Agency: European Commission | Branch: H2020 | Program: MSCA-ITN-EJD | Phase: MSCA-ITN-2015-EJD | Award Amount: 3.18M | Year: 2015
The present economic model of permanent growth is unstable and leads to cycles of growth, peaks and crashes. We propose to contribute to developing new economic thinking based on knowledge of global resources availability. The Adaptation to a New Economic Reality (AdaptEconII) project is divided into three parts: 1. Sustainable resource management; 2. Integrated economic systems assessment; and 3. Integrating society and economics.

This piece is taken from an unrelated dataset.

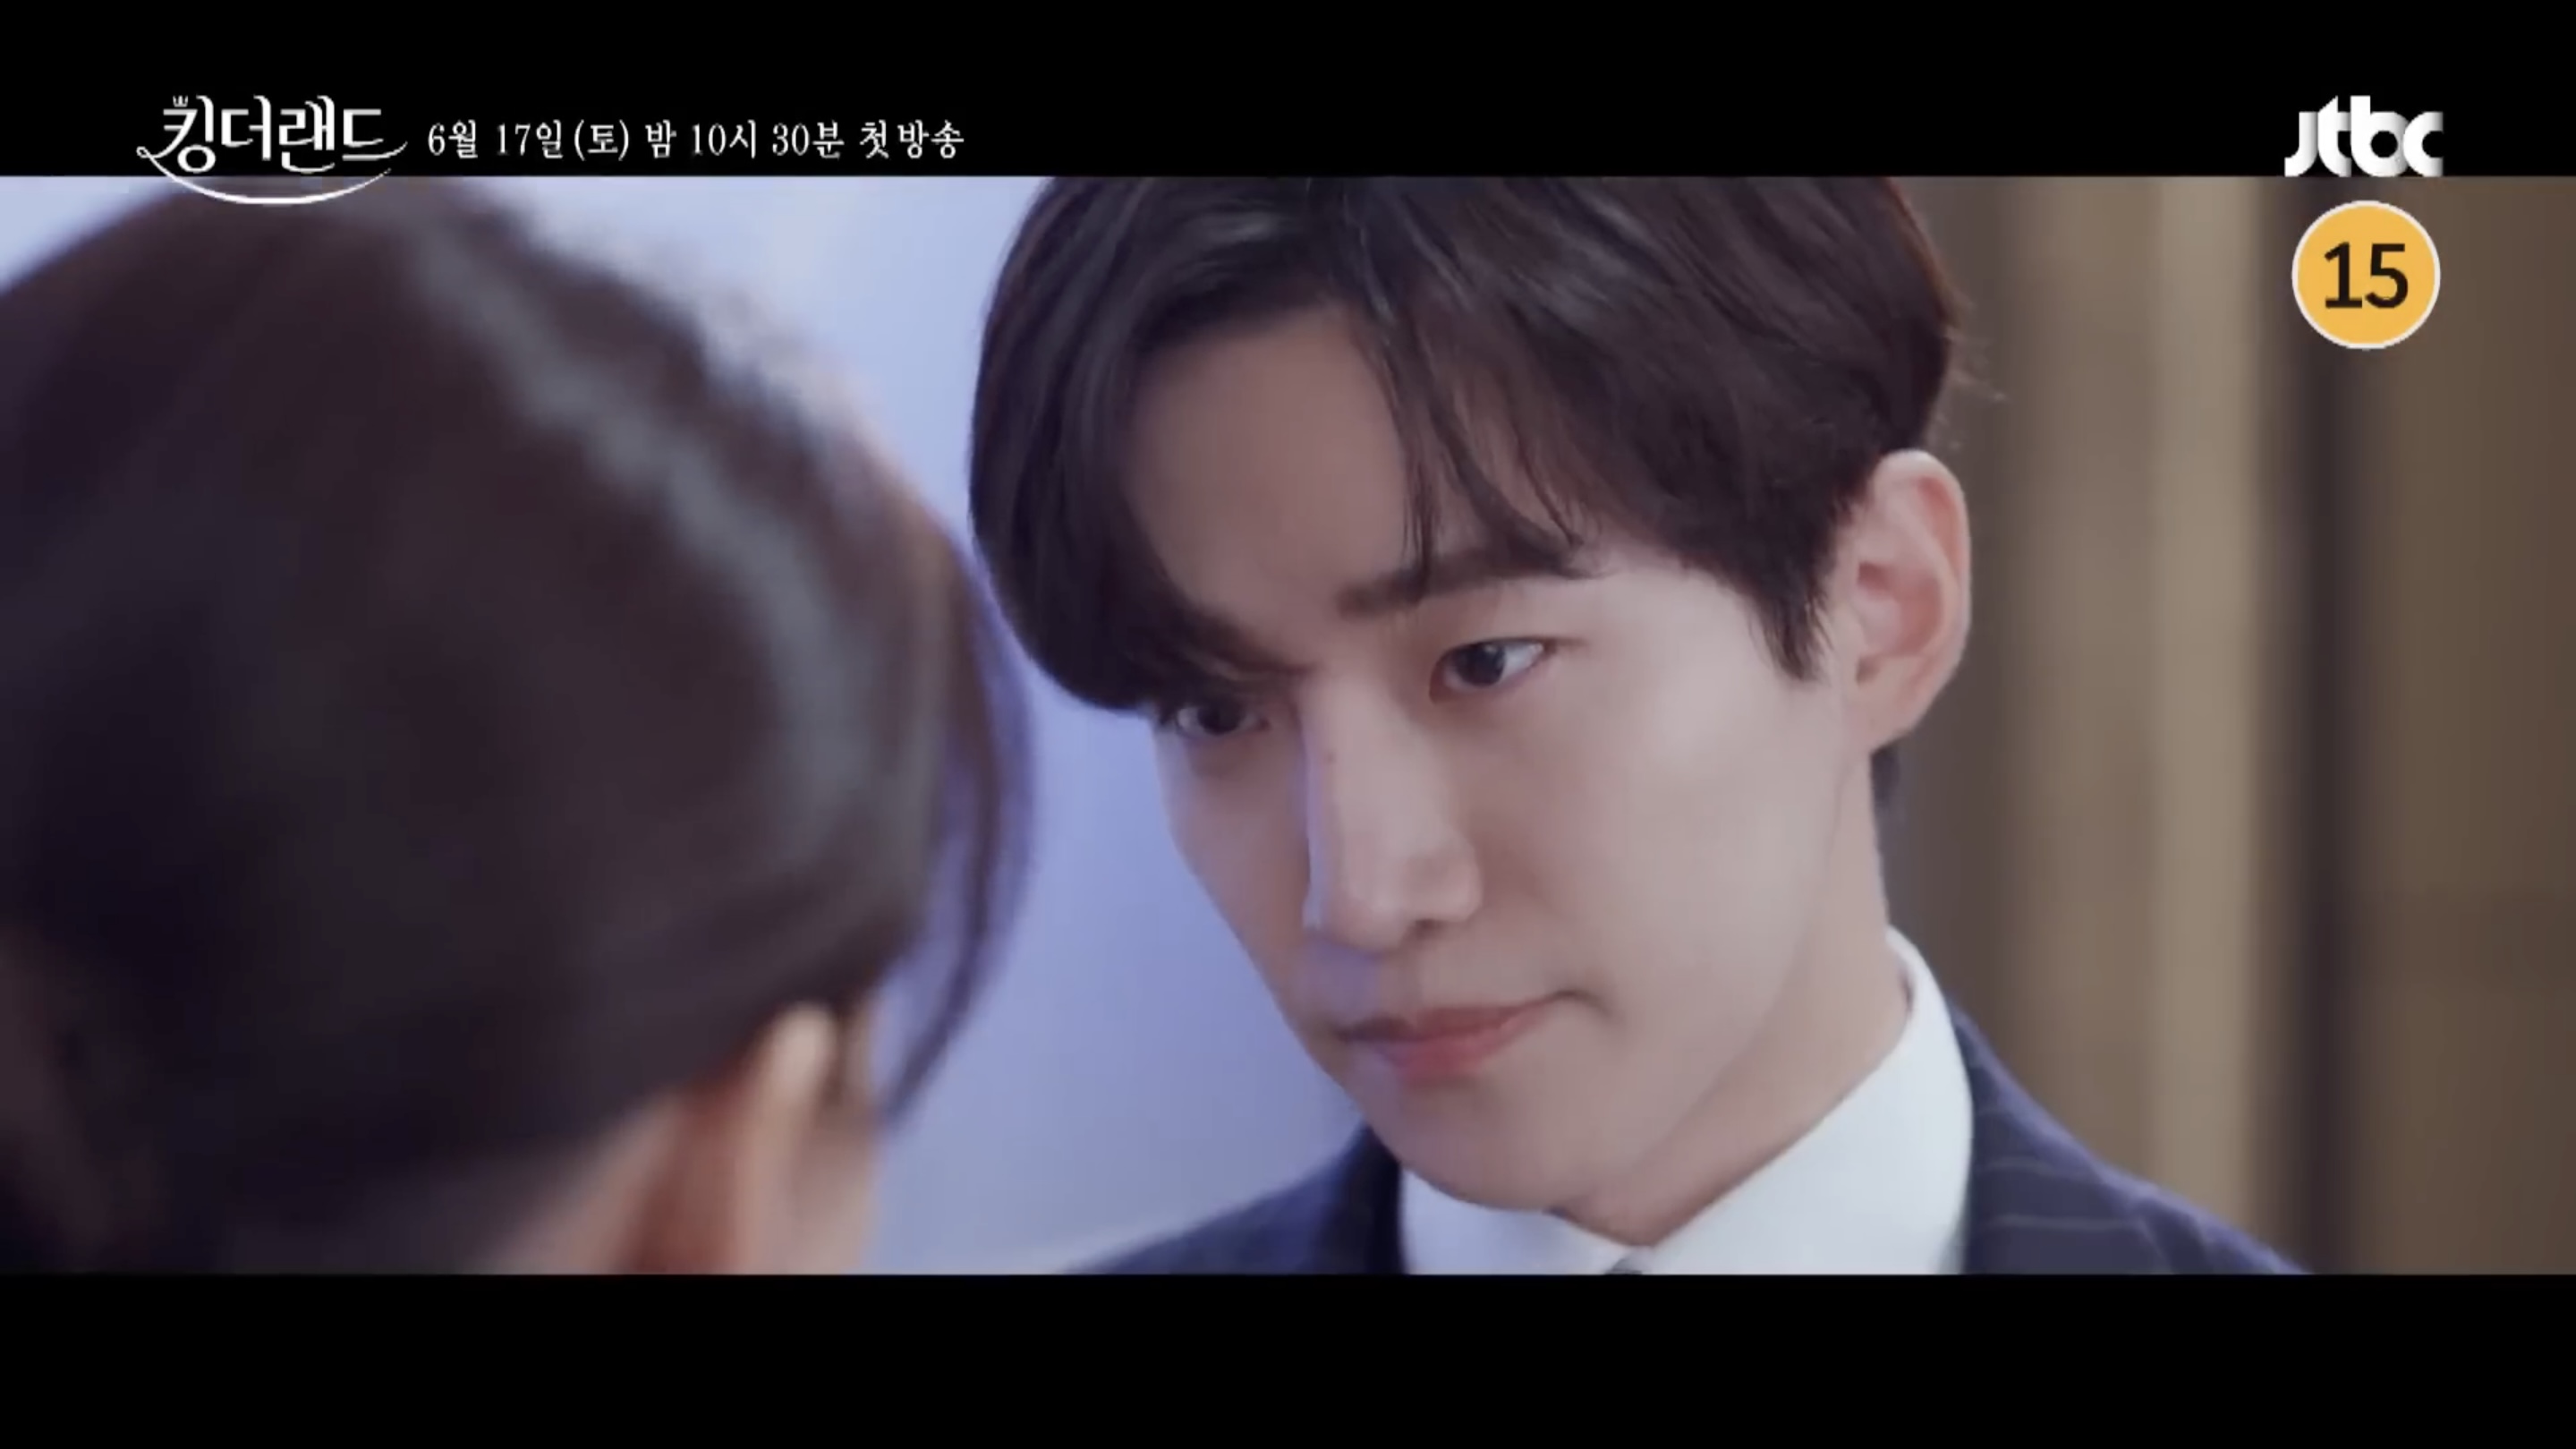 Yoon-ah discovers Junho's identity in King the Land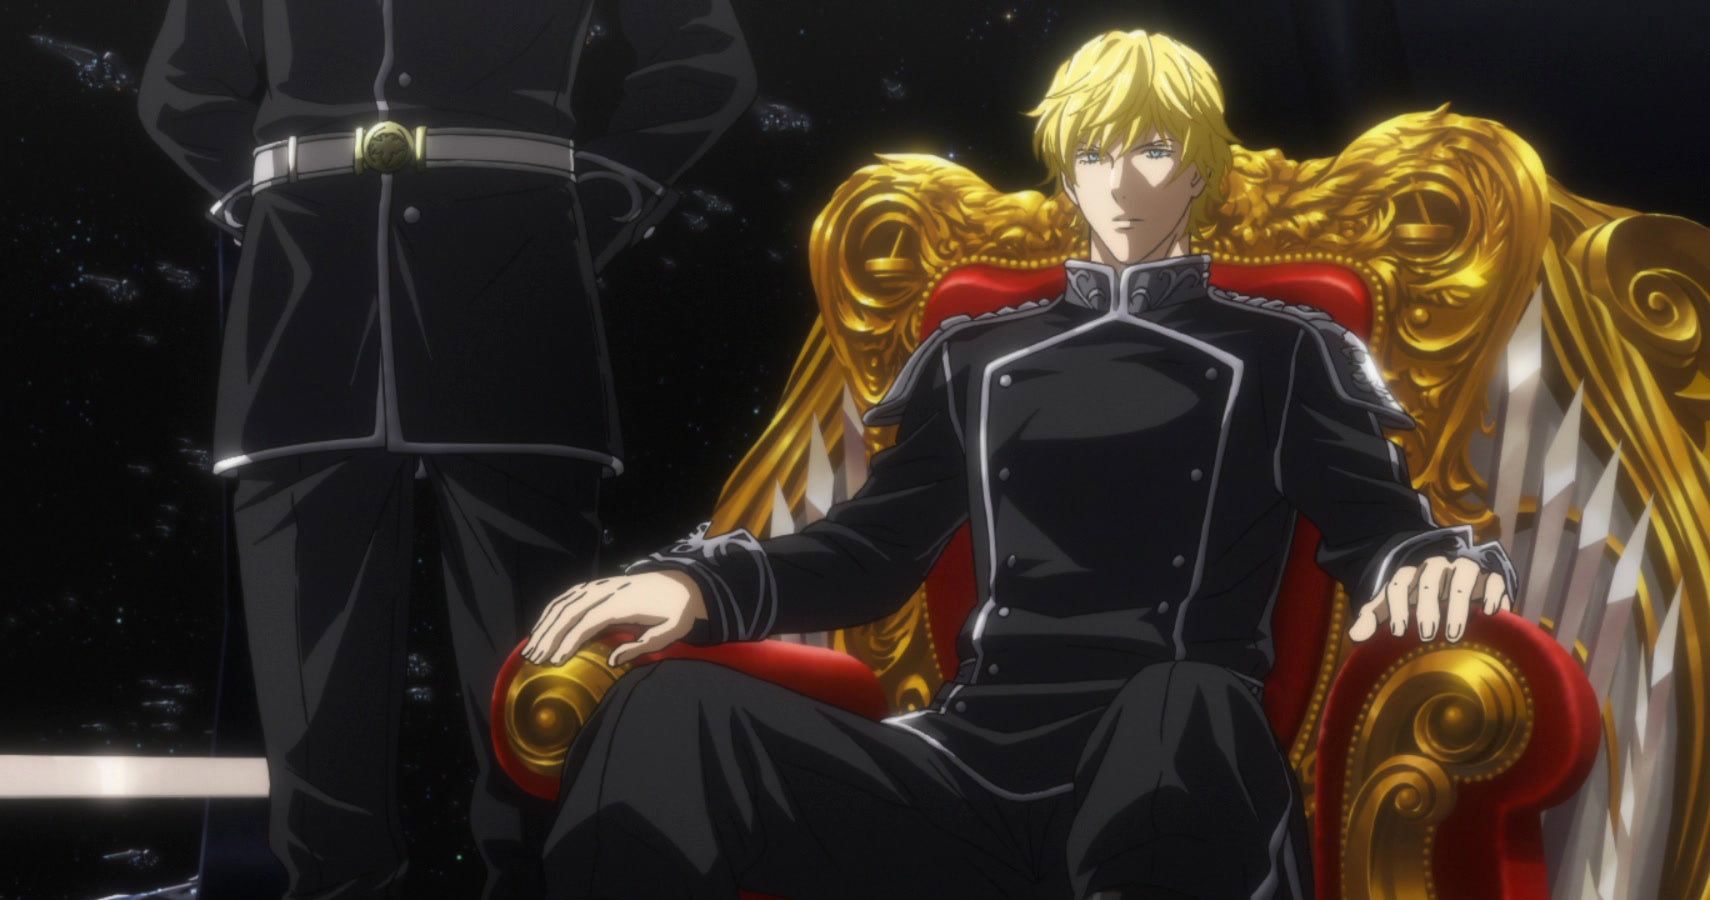 Legend of the Galactic Heroes Die Neue These Anime Gets Smartphone Game   News  Anime News Network

These components will be combined to form an overarching economic model built on socio-environmental-technical (SET) system analysis of causal links and feedback structures and system dynamics. A simple prototype of such a model (WORLD) has already been built by the applicants and tested on historical data. Twelve Early Stage Researchers (ESRs) will be trained to obtain European Joint Doctorates at three universities: University of Iceland (Reykjavik, Iceland), Stockholm University (Sweden) and Universite Blaise Pascal, Clermont-Ferrand (France). The ESRs will have secondments in research institutes/NGOs/SMEs in Germany (GWS and Wuppertal Institute), UK (New Economics Foundation and Schumacher Institute) and Sweden (Swedish National Defense College). All of the ESRs will have a career plan and be trained in system analysis and system dynamics in addition to conventional and biophysical economic paradigms. They will be presented with aspects of resource availability, links between resources and wealth, the rise of new and/or rediscovered values and realization of our interdependent world, new development paradigms, political and industrial ecology, as well as science for sustainable society and transferable skills. AdaptEconII will train ESRs in new economic thinking and the goal is for them be at the forefront of innovative economic thinking in the EU and the world.